- **The task**
Before you write out the listing, remove the pictures; everything else stays exactly as it is.

- **Collected material**

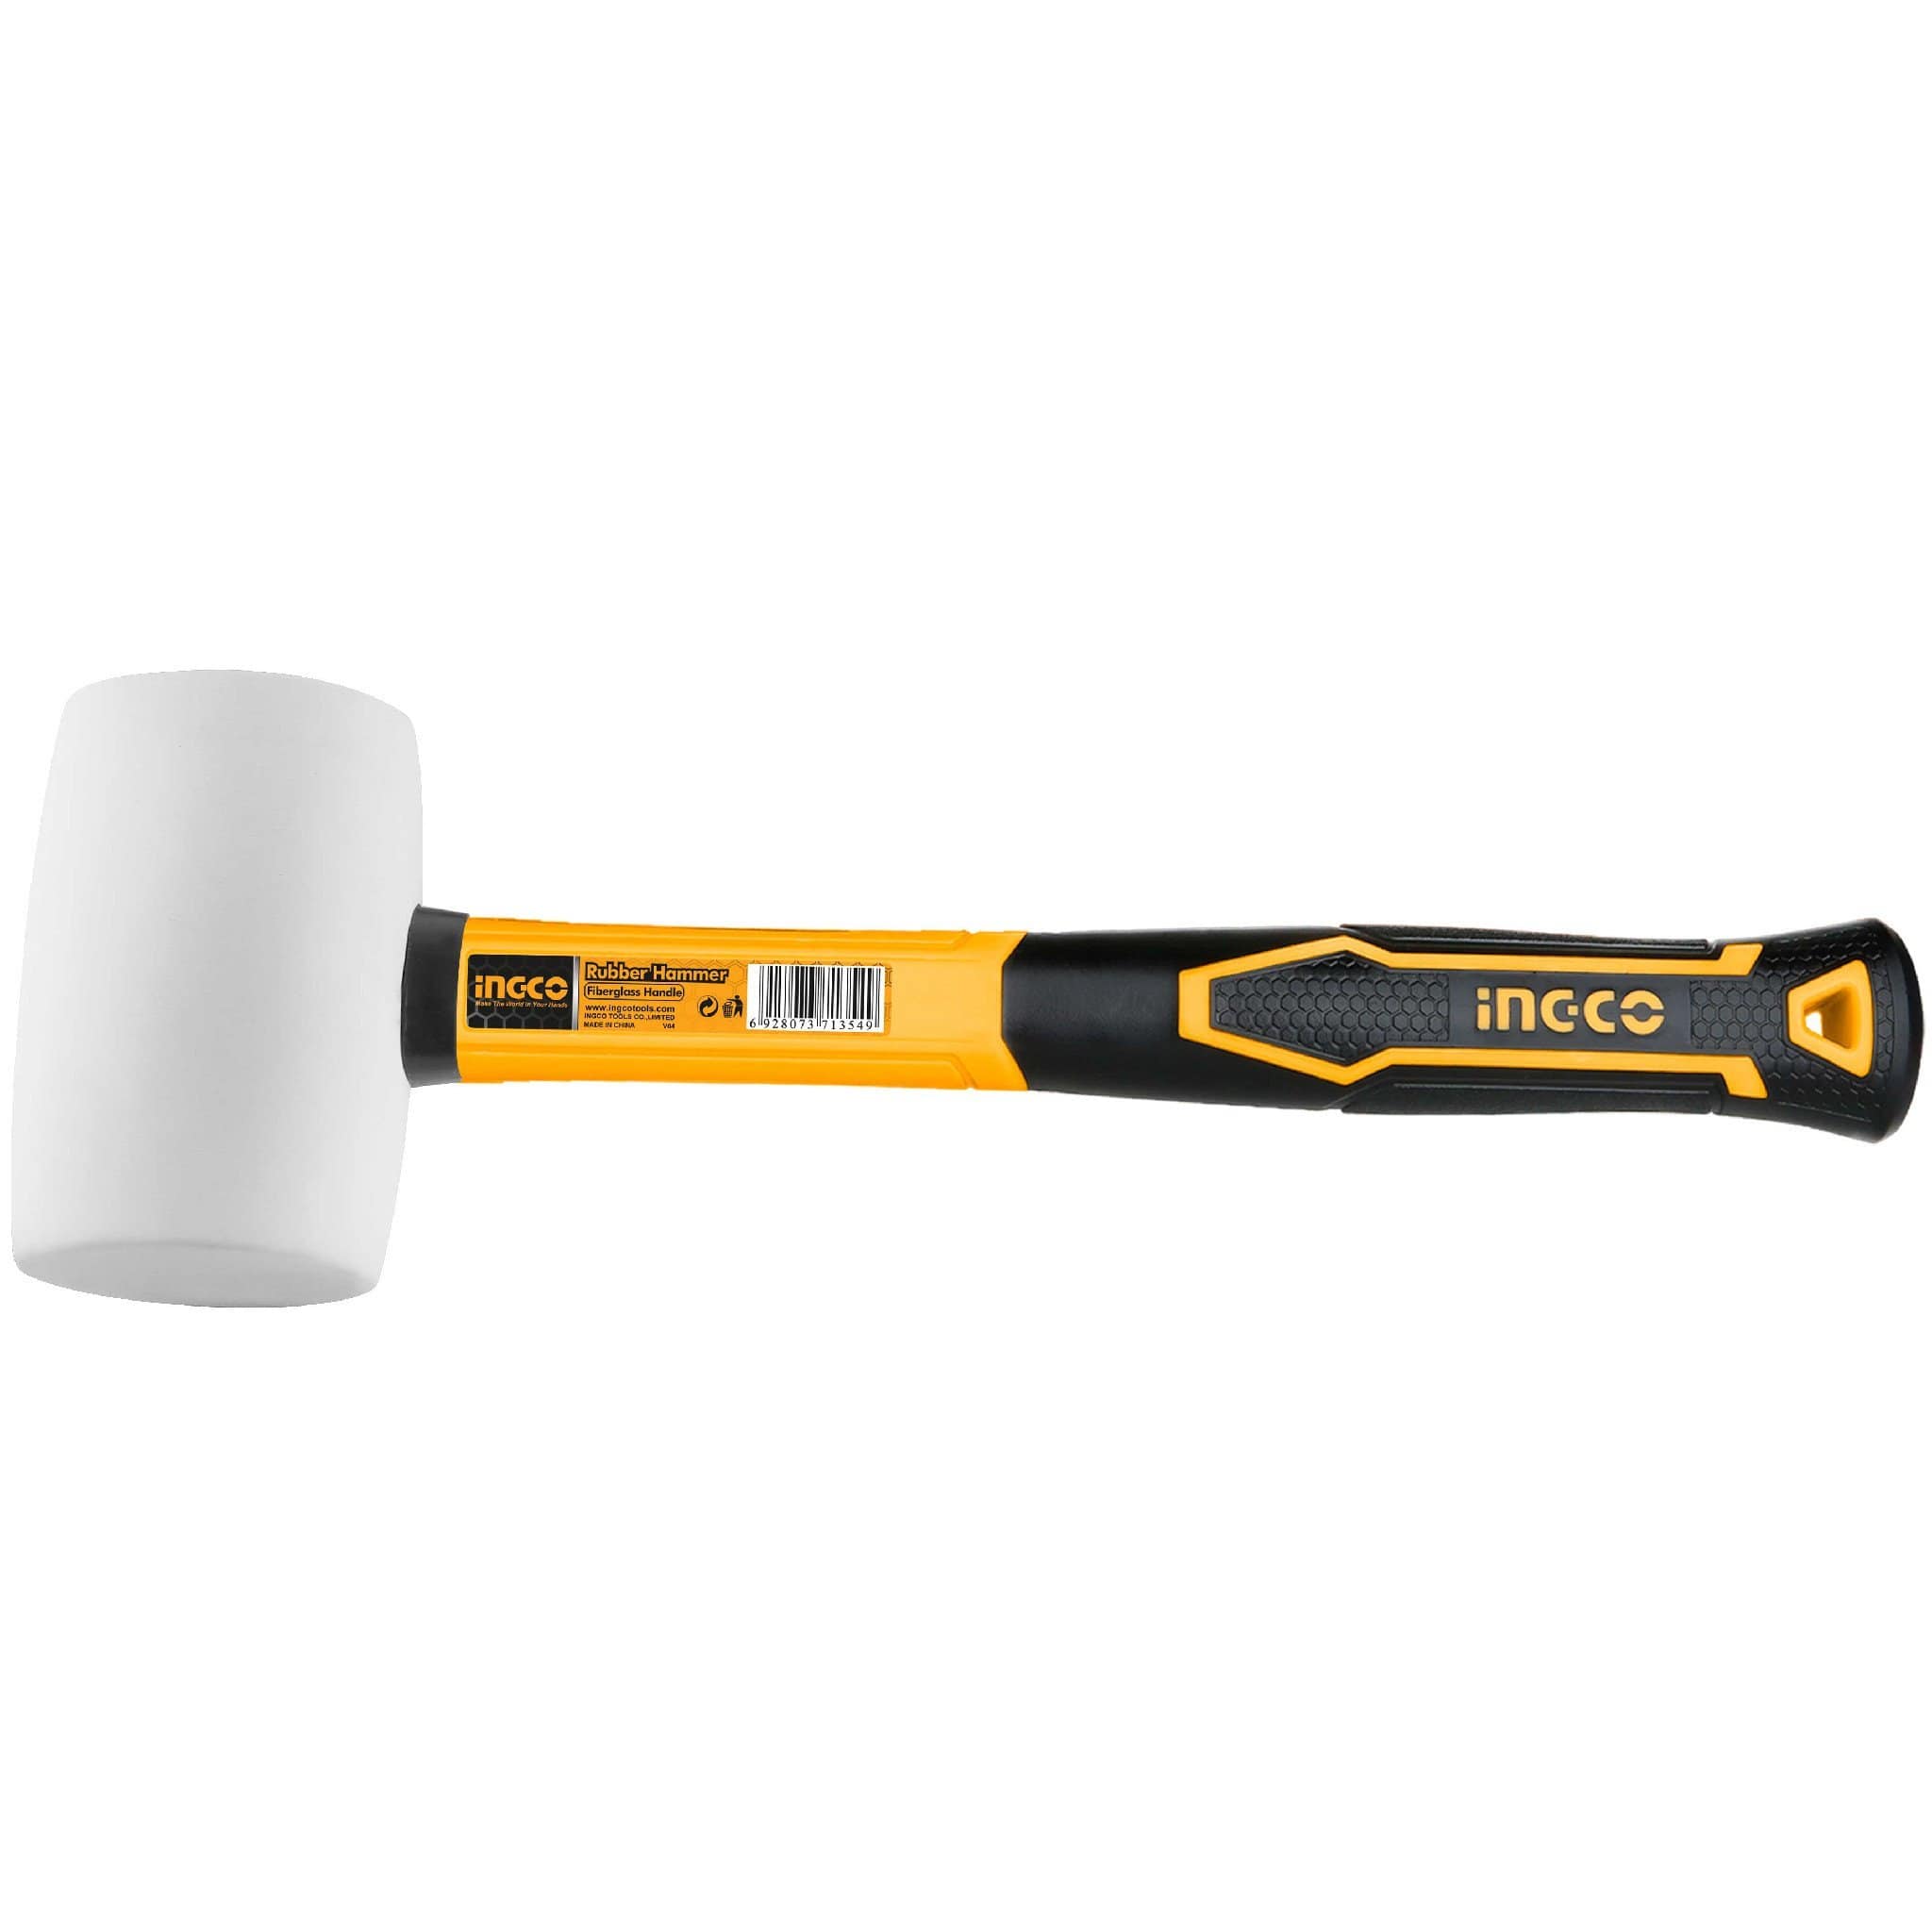 Ingco Rubber Hammer Soft Type With Fibreglass Handle
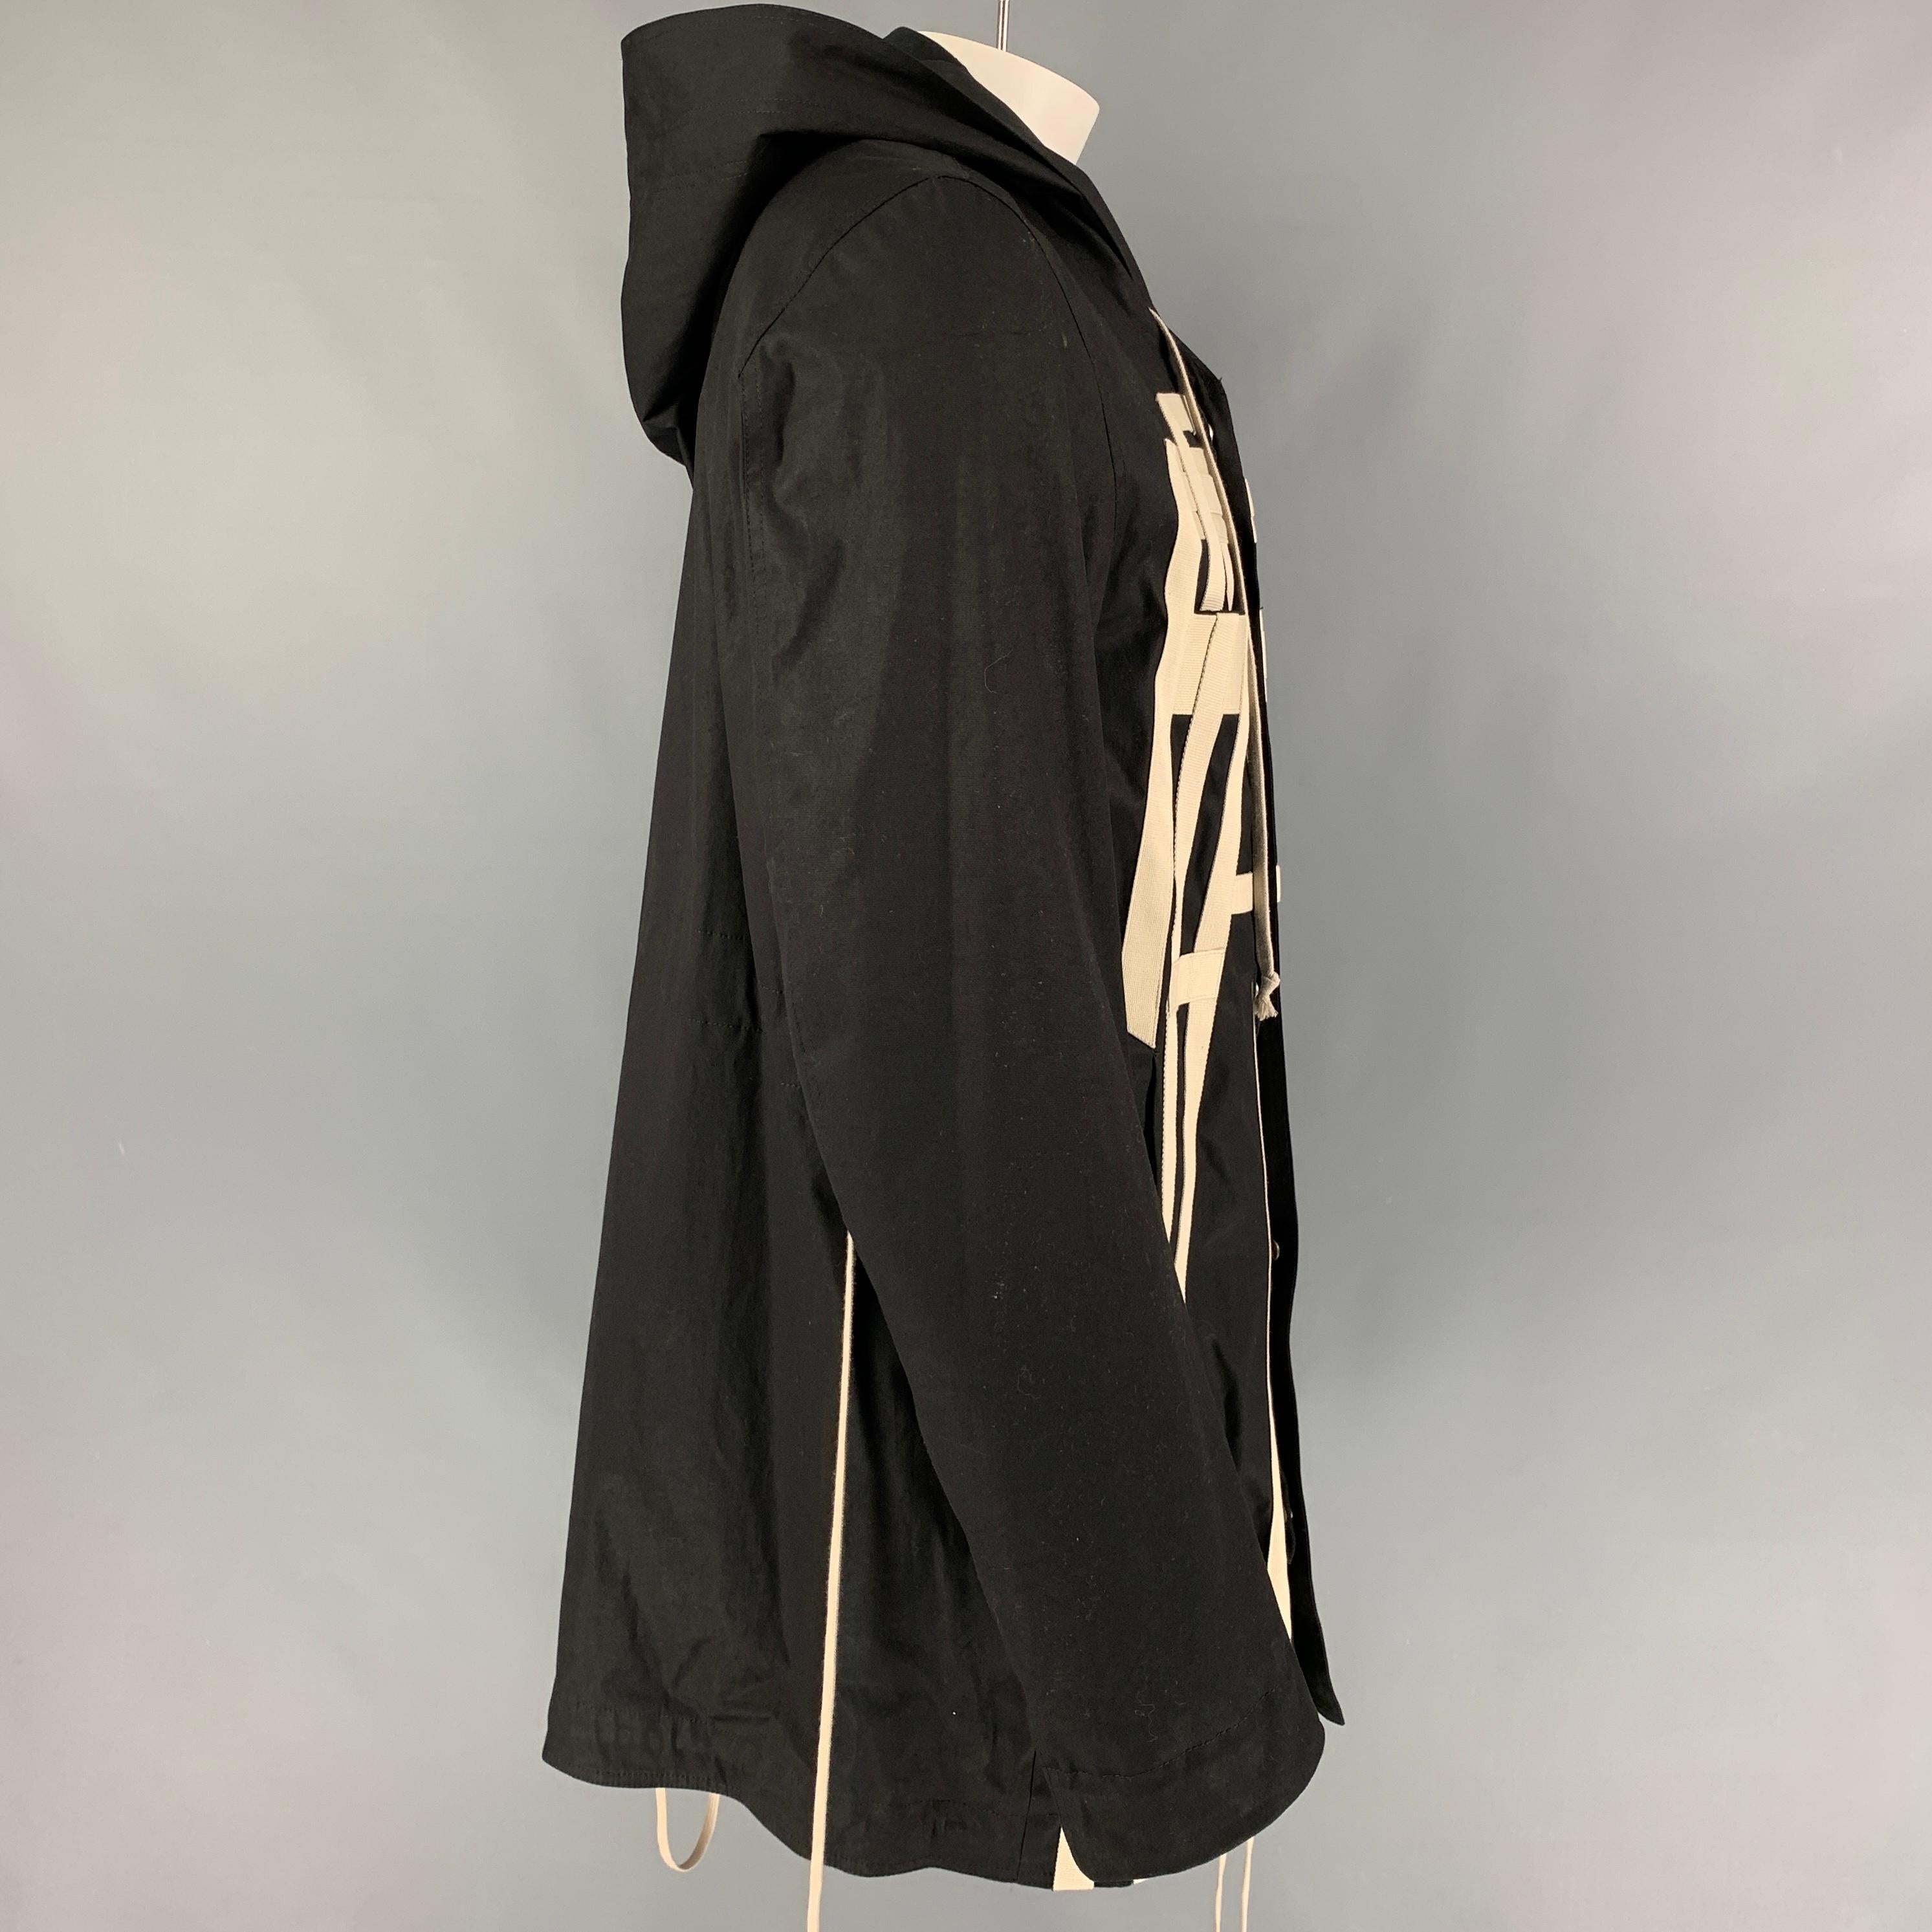 DRKSHDW by RICK OWENS coat comes in a black cotton featuring signature cream canvas strap details, hooded, front pockets, hooded, single back vent, and a zip & snap button closure. Includes tote bag. Made in Italy. 

Excellent Pre-Owned

- **Exercise answer**
 Ingco Rubber Hammer Soft Type With Fibreglass Handle
 DRKSHDW by RICK OWENS coat comes in a black cotton featuring signature cream canvas strap details, hooded, front pockets, hooded, single back vent, and a zip & snap button closure. Includes tote bag. Made in Italy. 

Excellent Pre-Owned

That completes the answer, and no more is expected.